After some (relatively short) period of time on 11-Current with the Raspberry Pi2 audio fails in a "mute" state. Some programs attempting to access audio (e.g. mpg321) will print a diagnostic on the console, others (e.g. espeak) simply hang. If there is a diagnostic it is of the form: pcm0: chn_write(): pcm0:virtual:dsp0.vp0: play interrupt timeout, channel dead There appears to be no way to clear this condition once it occurs other than a reboot.
BTW I'm happy to run this down but need a place to start looking.... if the folk(s) who worked on the bcm2835 code originally could chime in it would go a long way toward pointing me in the right direction. I can rapid-build kernels via cross-compilation and can force the problem to occur within a half-hour or so -- this smells like either an interrupt isn't being enabled when it should be or is remaining masked off when it shouldn't. Even a workaround that cleared the problem when a new open occurred on the channel would render the problem a nuisance rather than the far-more serious issue that it currently is.
Update: I have built a test system and stuck a looping shell process on it playing mp3 files. It did *NOT* fail over a period of more than 24 hours, where my "general purpose" examples that try to play audio samples and speech tend to go mute within a few hours of operation. That test machine was doing nothing else and was continually playing audio using mpg321, which strongly suggests that some other actor that touches the bcm2835 during "normal" operation is improperly masking the interrupt for audio.
Created attachment 166534 [details] This appears to sort of fix the problem.... This is a flat-out shot in the dark.... it doesn't completely fix the problem, in that the audio still goes "deaf", but once it does a short time later it comes back on and works from that point forward without further failures (~2 weeks+ without a second problem.) It's probably wrong-headed in that this shouldn't be necessary in the first place if I'm reading the code right, but I'm not arguing with success :)
A commit references this bug: Author: gonzo Date: Mon Nov 7 17:38:40 UTC 2016 New revision: 308424 URL: https://svnweb.freebsd.org/changeset/base/308424 Log: Fix locking in bcm2835_audio driver - Move all VCHI activity to worker thread: channel methods are called with non-sleepable lock held and VCHI uses sleepable lock. - In worker thread use sx(9) lock instead of mutex(9) for the same reason. PR: 213801, 205979 Changes: head/sys/arm/broadcom/bcm2835/bcm2835_audio.c
(In reply to commit-hook from comment #4) Is this headed to MFC-land? :)
(In reply to karl from comment #5) Yes, I just forgot to add MFC field :( I'm going to try to keep STABLE-11 in sync with -CURRENT as much as possible.
I am still not seeing this last commit on the Stable/11 branch.....
(In reply to karl from comment #7) Hans Peter Selasky suggested some improvements. I am going to investigate and commit both patches together
(In reply to Oleksandr Tymoshenko from comment #8) Thanks... will look for it.

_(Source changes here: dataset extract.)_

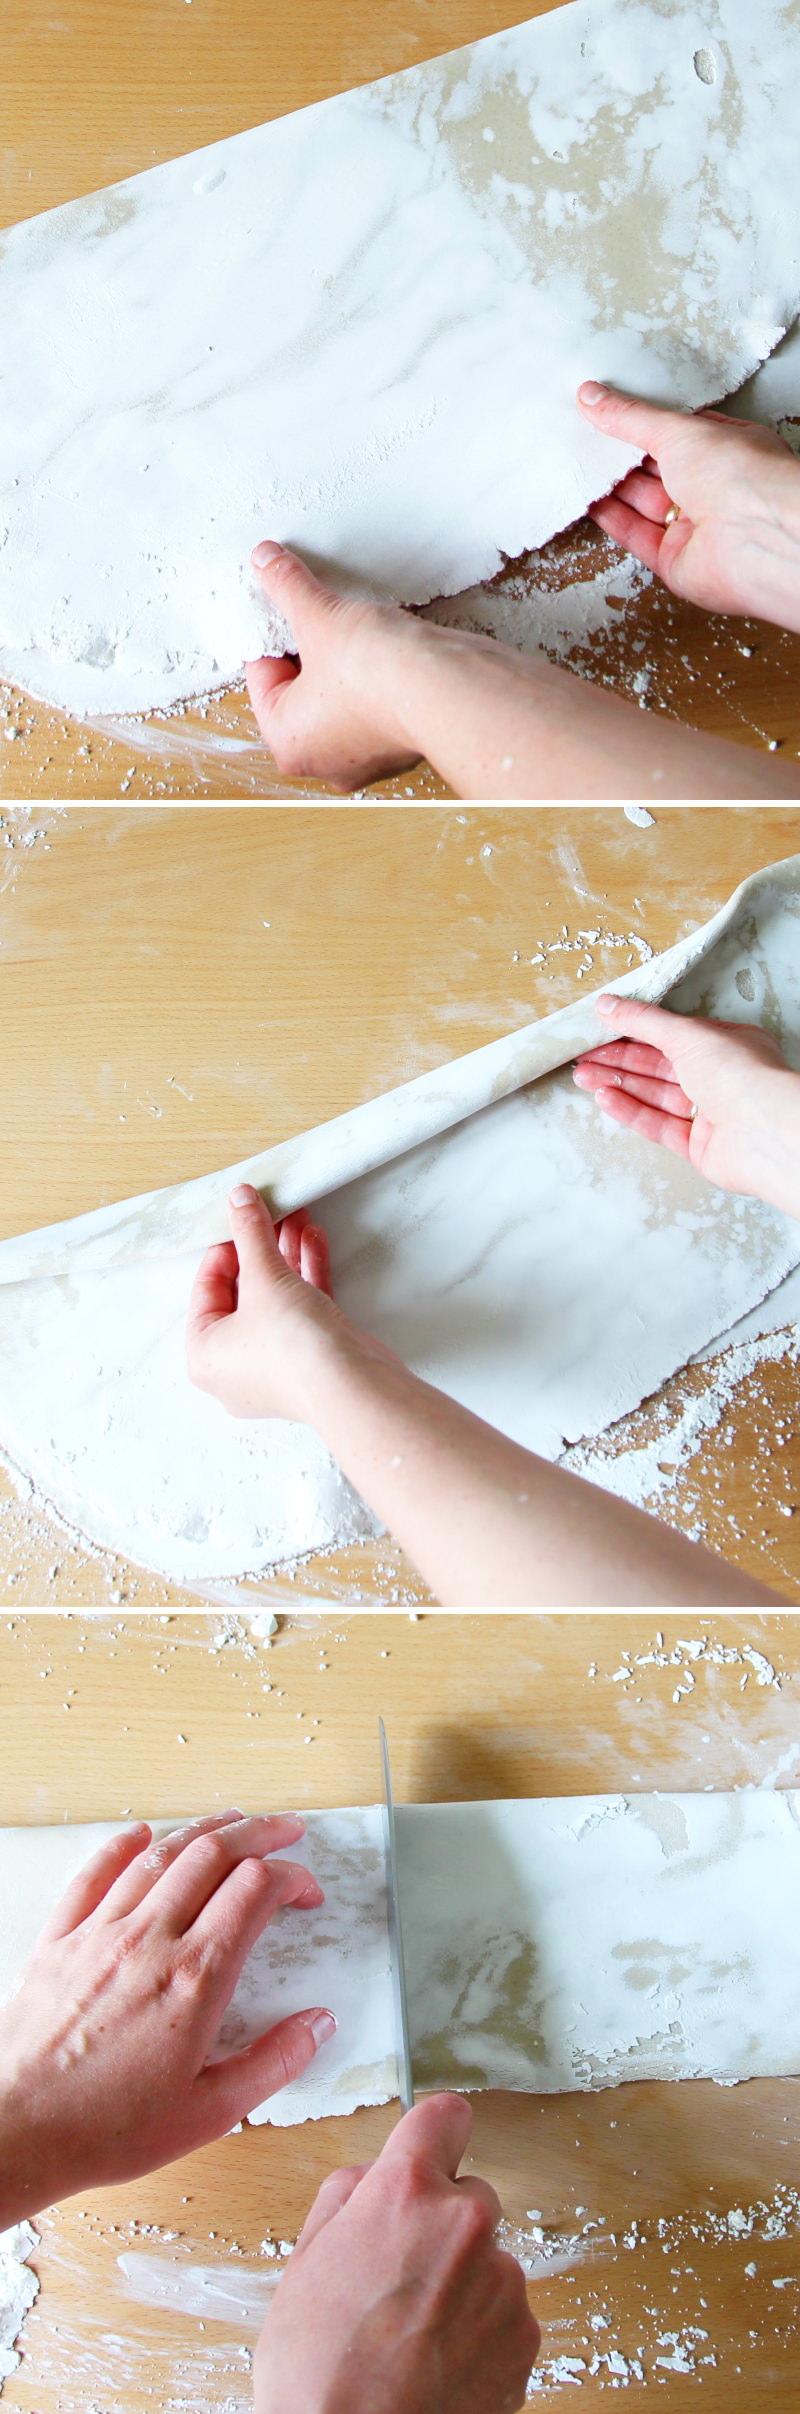 Soba Nudeln selbst machen Schritt 7 Teig falten

Is there any update in status available on this?
(In reply to karl from comment #10) Not yet. Got distracted by other stuff. It is finished now and I am planning to spend some time working on it this week
Update on the progress. I rewrote FreeBSD driver to be more robust (I believe). The problem is it looks like there was bug in VC firmware that caused PWM audio output deadlocks. I don't see it with latest firmware but I haven't ran long-term tests. HDMI audio output doesn't seem to be affected. More details: https://github.com/raspberrypi/firmware/issues/696 I'd appreciate more tests of new patch with new firmware. If you use serial port make sure you have following line in config.txt: init_uart_clock=3000000
Created attachment 178126 [details] rpi-audio-fix.diff Add WIP patch
What is this against? I get a LOT of failures against r310285 (11-STABLE)....

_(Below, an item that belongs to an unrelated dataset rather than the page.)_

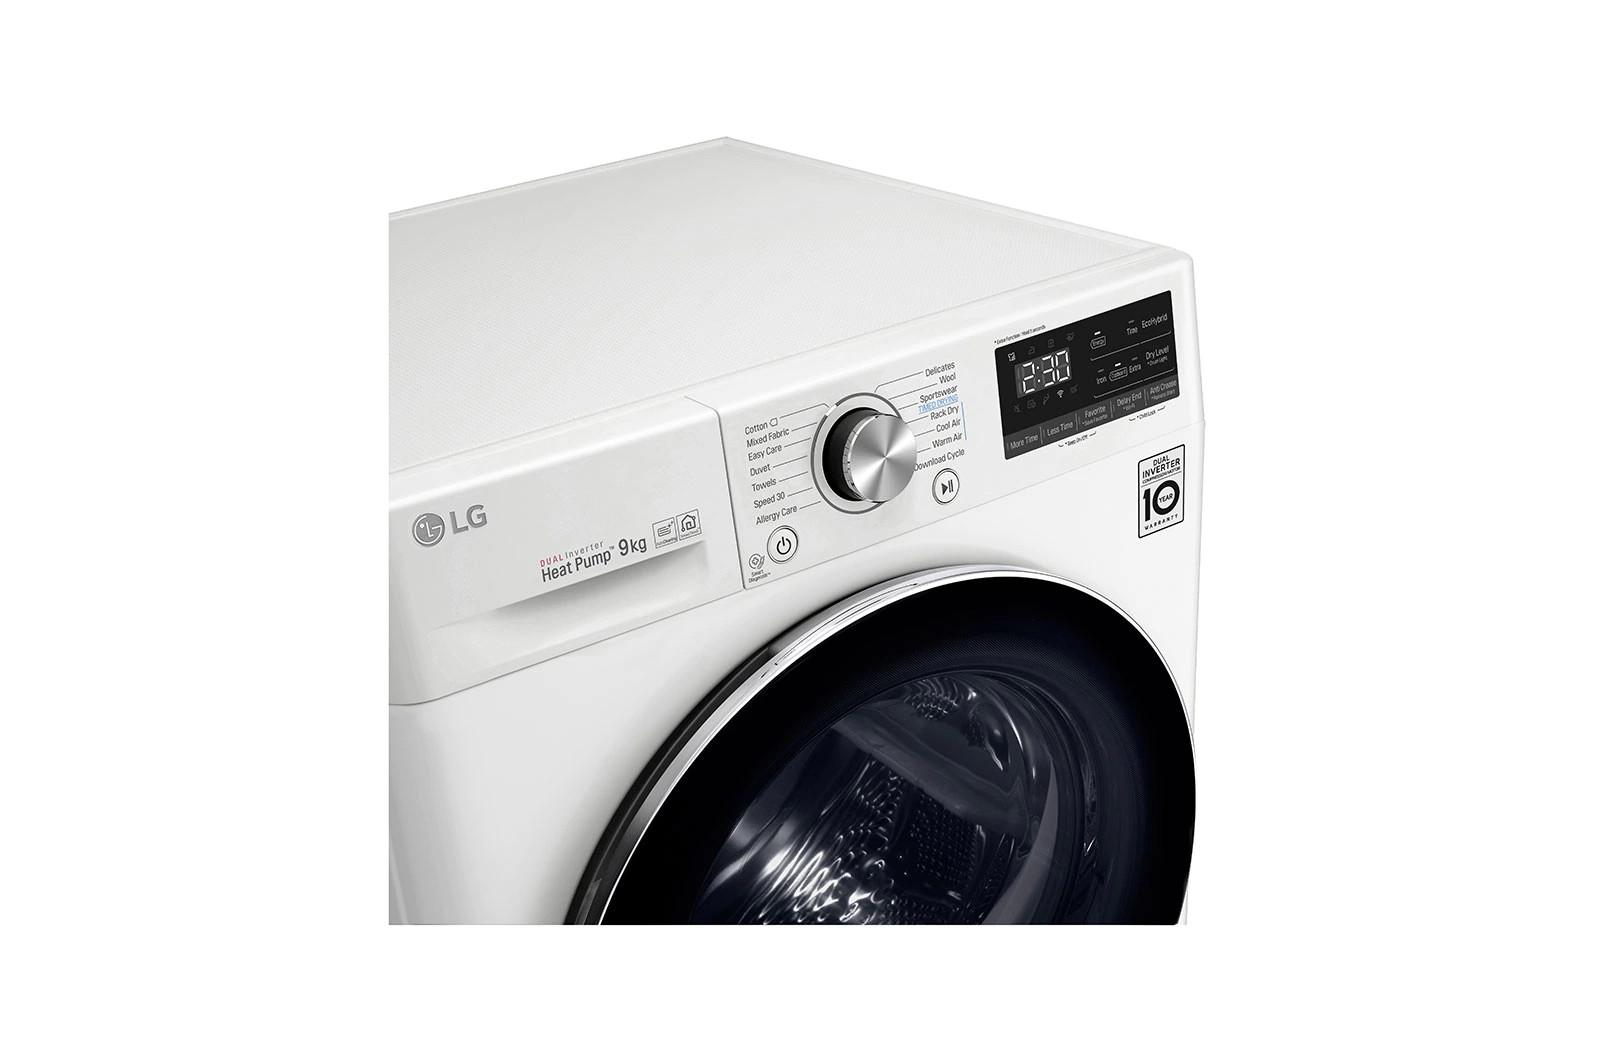 Máy sấy LG 9 Kg DVHP09W - HÀNG CHÍNH HÃNG - CHỈ GIAO TẠI HCM

Created attachment 178127 [details] rpi-audio-fix-11.diff Add patch agains STABLE-11
(In reply to karl from comment #14) -CURRENT. I attached patch agains 11
Testing now.... will be a bit for it to compile and update and then (of course) know if it fails or not.
I have my test Pi2 running an infinite loop playing a short mp3 chime; we'll see if it survives the day running this without locking up. If the patch fixes the problem, it should.
So far looks good -- no hangs, been running for several hours looping on a mpg123 play command for recorded chime I have set up and is still playing on the headphones.
Nope -- got another hang, although it took a LONG time to show up. pcm0: chn_write(): pcm0:virtual:dsp0.vp0: play interrupt timeout, channel dead pcm0: chn_write(): pcm0:virtual:dsp0.vp1: play interrupt timeout, channel dead pcm0: chn_write(): pcm0:virtual:dsp0.vp2: play interrupt timeout, channel dead 73394 - S 1:15.71 /usr/local/bin/espeak -v en-us -s 175 "espeak" is being asked to make an announcement, and it is spinning (accumulating runtime but not going anywhere) I will attempt to craft a means of causing this more-readily.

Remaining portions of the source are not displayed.